Predicting "global warming" or "the greenhouse effect" (or whatever) isn't like predicting weather anyway. It's like pointing that summers are hotter than winters on the average. Or predictin that July 2050 will be mostly warmer (in New York City) than January 2051.
See post 11 in this thread:
They do have an agenda -- to try and correct a lot of the incorrect science that has been promulgated by organizations, groups, and individuals opposed to any type of action on global warming. But... they also have a lot of good perspectives on climate science, all in one place. Certainly you can cherry pick biased statements. But if you want to see why climate chance research is not based on wild speculations and scanty data, keep reading.
First Volcanoes contributes from 130 to 230 million tons/year of CO2 not 110 million. Sulfur dioxide is the problem with Volcanoes and warming effects on the earth not CO2. If you factor in what Sulfur Dioxide does, Volcanoes contributes considerably more to global warming then what man does per year.
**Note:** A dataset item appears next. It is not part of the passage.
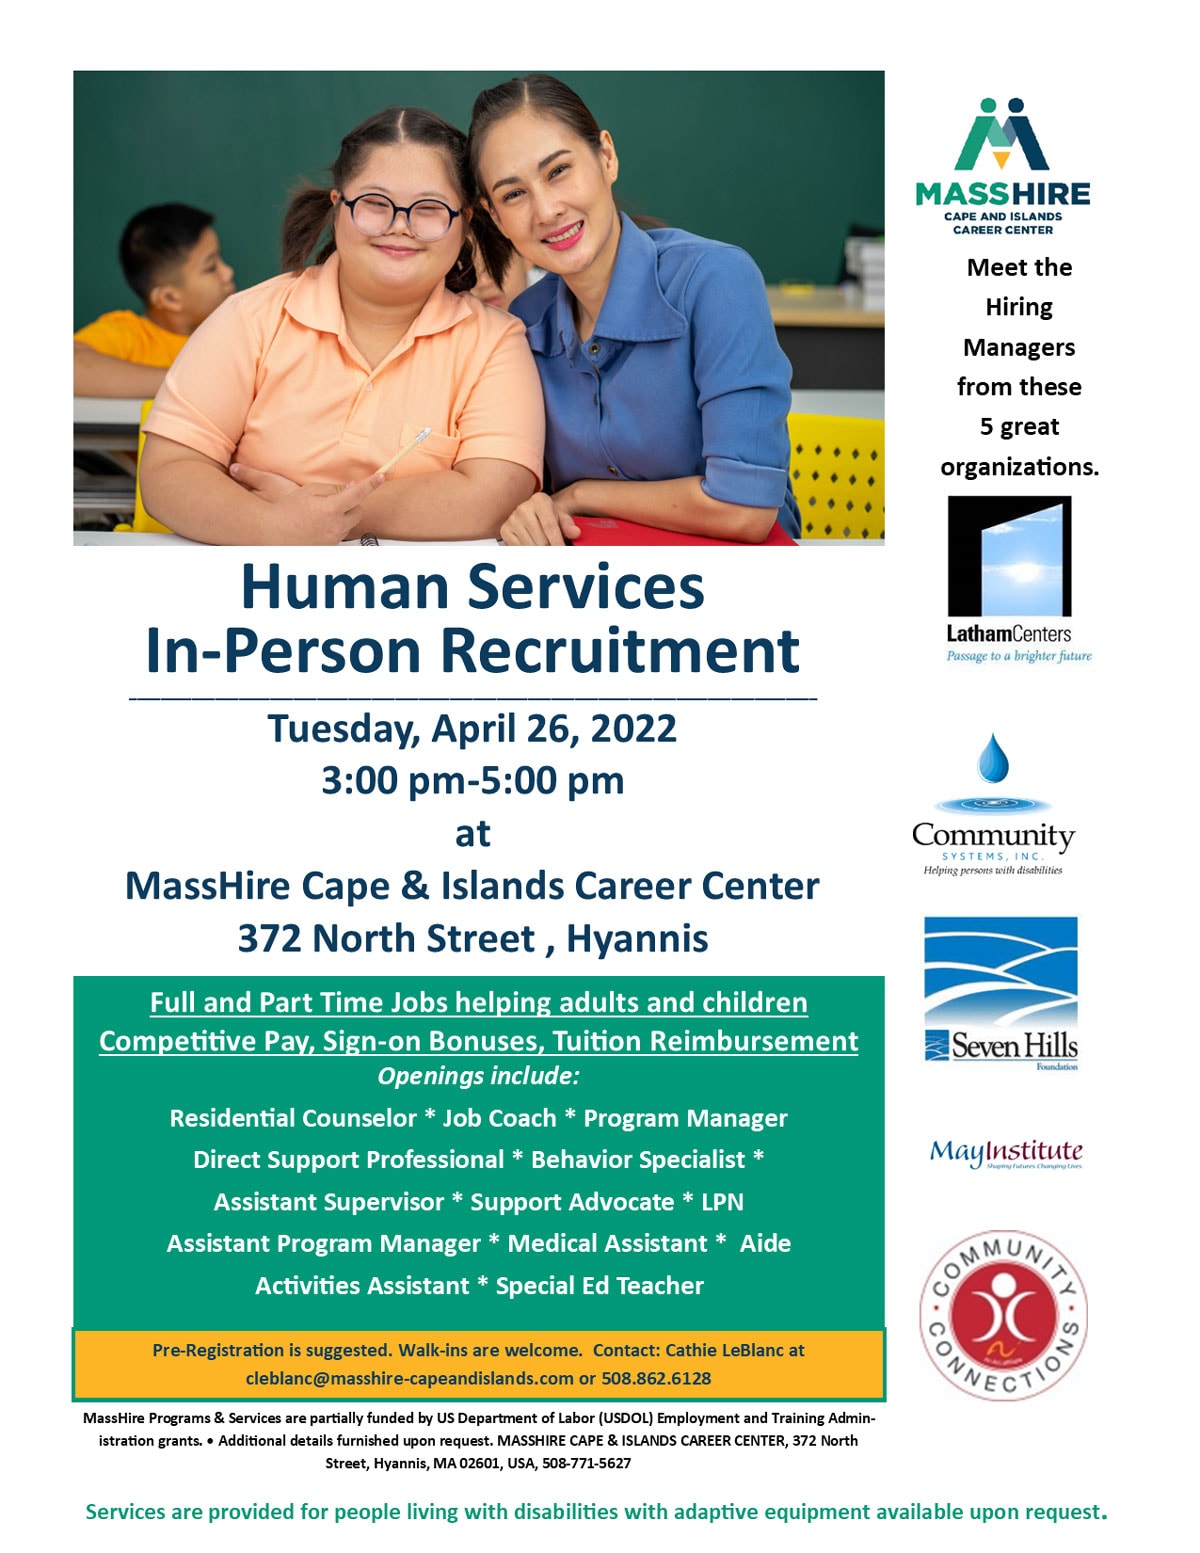 Human Services Recruitment 4-26-22

Second why don't you just say how much man contributes instead of adding in other numbers to what man creates?
Of the 186 billion tons of CO2 that enter earth's atmosphere each year from all sources, only 6 billion tons are from human activity.
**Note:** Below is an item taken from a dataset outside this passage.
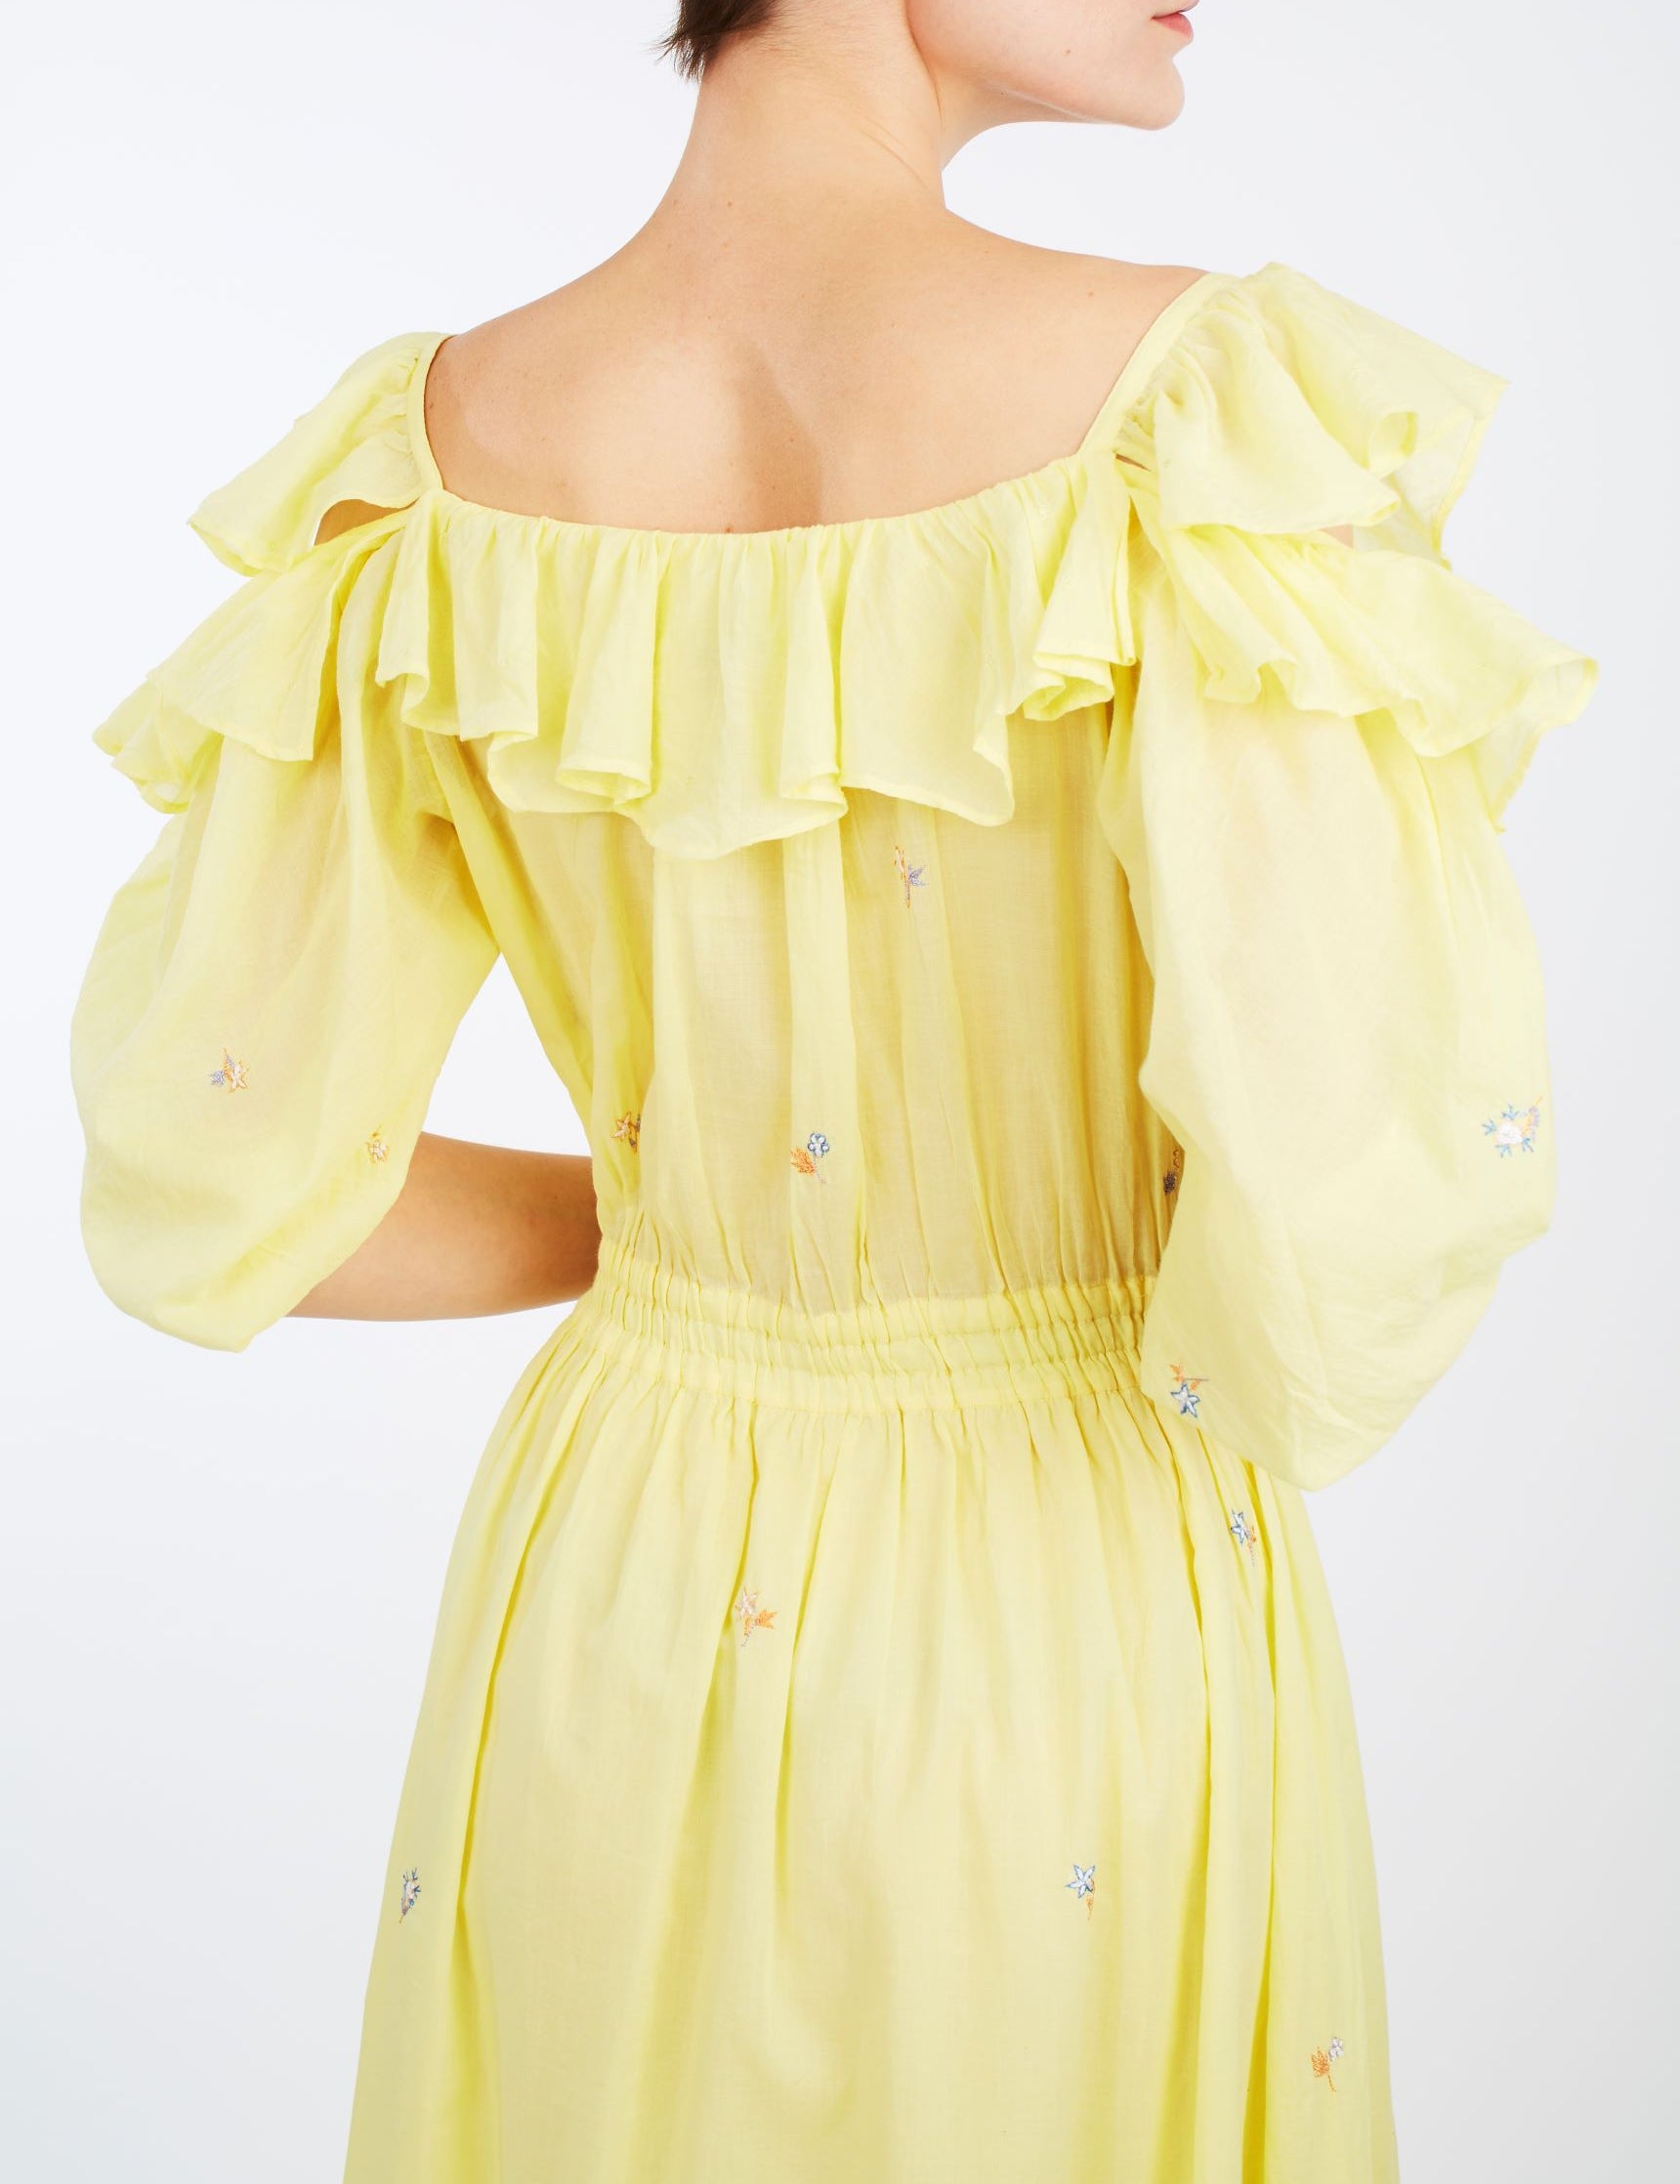 Collar back detail of Venus Boudoir Sweet Lemon Dress by Thierry Colson

again even if the earth doubled the total amount of CO2 we would have a temperature increase of around 1.2 Deg C.
What was the claim?
Only from CO2. Positive feedbacks can increase the warming, negative feedbacks can decrease it. While increasing water vapor is a definite positive feedback, clouds could be strongly positive, weakly positive, neutral, weakly negative, or strongly negative -- and that's a critical area of research right now.
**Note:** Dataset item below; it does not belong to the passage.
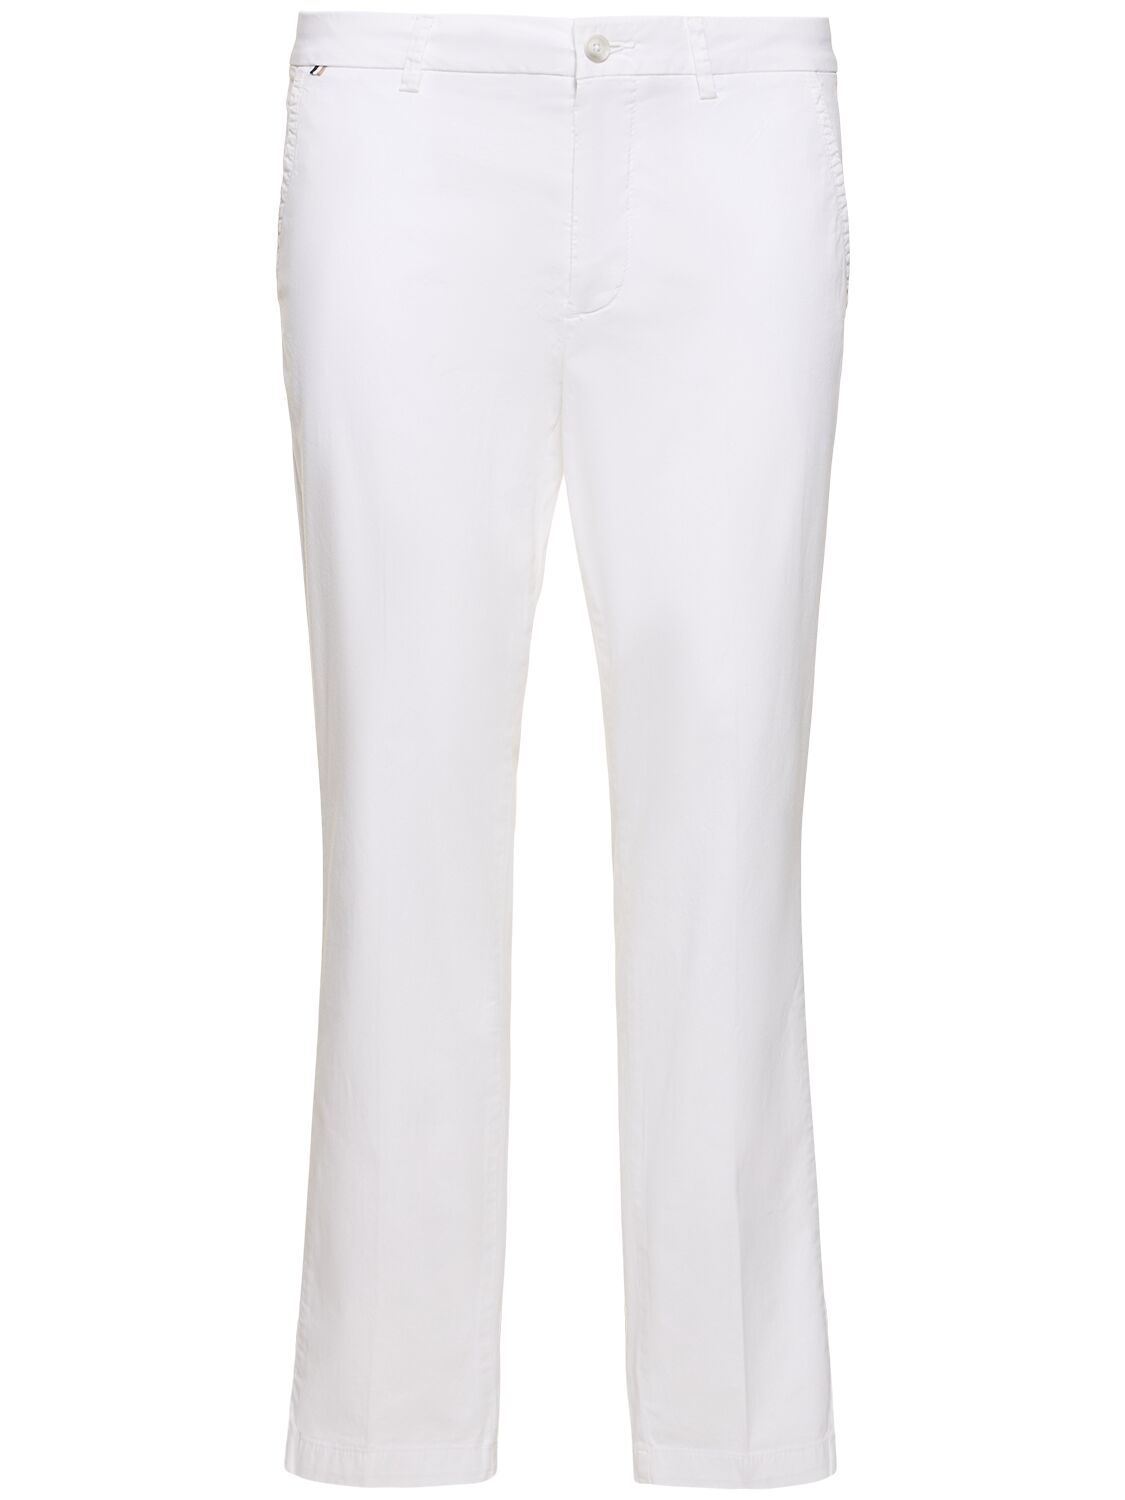 Hugo Boss Kaiton Stretch Cotton Pants In White

http://www.clearlight.com/~mhieb/WVFossils/greenhouse_data.html
An excellent discussion of greenhouse gasses.
Summary page:
Anthropogenic (man-made) CO2 contributions cause only about 0.117% of Earth's greenhouse effect, (factoring in water vapor). This is insignificant!
Adding up all anthropogenic greenhouse sources, the total human contribution to the greenhouse effect is around 0.28% (factoring in water vapor).
Sulfur dioxide (provided it enters the stratosphere in significant quantities) COOLS the global temperature.
Of the 186 billion tons of CO2 that enter earth's atmosphere each year from all sources, only 6 billion tons are from human activity.
The quantities on the left are the anthropogenic contributions. Add up the natural contributions into the atmosphere and out of the atmosphere and see what you get.
The answer indicates why atmospheric CO2 concentrations are increasing.
I assume you are just kidding here
NO I am not
Predicting "global warming" or "the greenhouse effect" (or whatever) isn't like predicting weather anyway. It's like pointing that summers are hotter than winters on the average.
Tell me what the average temperature is going to be 10 million years from now or a million years?
The time period is to long? how about 10000 years from now or 1000 years?
you cant predict the weather.
BTW- notice the CO2 was over 12x higher then the CO2 we have today and the temperature was cold 550 million years ago?
You just don't listening.
oopos 450 million years not 550 million.
MonroeDNA had asserted a steady-state global temp for the past eight years.
http://www.freerepublic.com/focus/f-news/1638148/posts?page=38#38
I figured perhaps that might be possible under some specific measurement scheme, though I'd have to see what that scheme entailed.
From what I can see, though, global temps ARE rising and the only remaining debate is about causes.
This is what I'm trying to say too. The resources required to adapt to change are no more significant, from what I can see, than the resources required to try and prevent the change. Especially one that, according to this very article, is NOT PREVENTABLE.
This is what bothers me, and what cogitator never responded to when I brought it up the first time: According to this article, "even if we reduce our carbon dioxide emissions by 70 percent by 2050, average global temperatures will increase between two and nine degrees by 2100."
Okay, we aren't going to be able to cut carbon dioxide emissions by 70%. We'd have to stop every mammal on Earth from farting. Good luck with that. So what's the point? Change is coming. Learning to adapt seems more practical than trying to hold back the tide with a broom.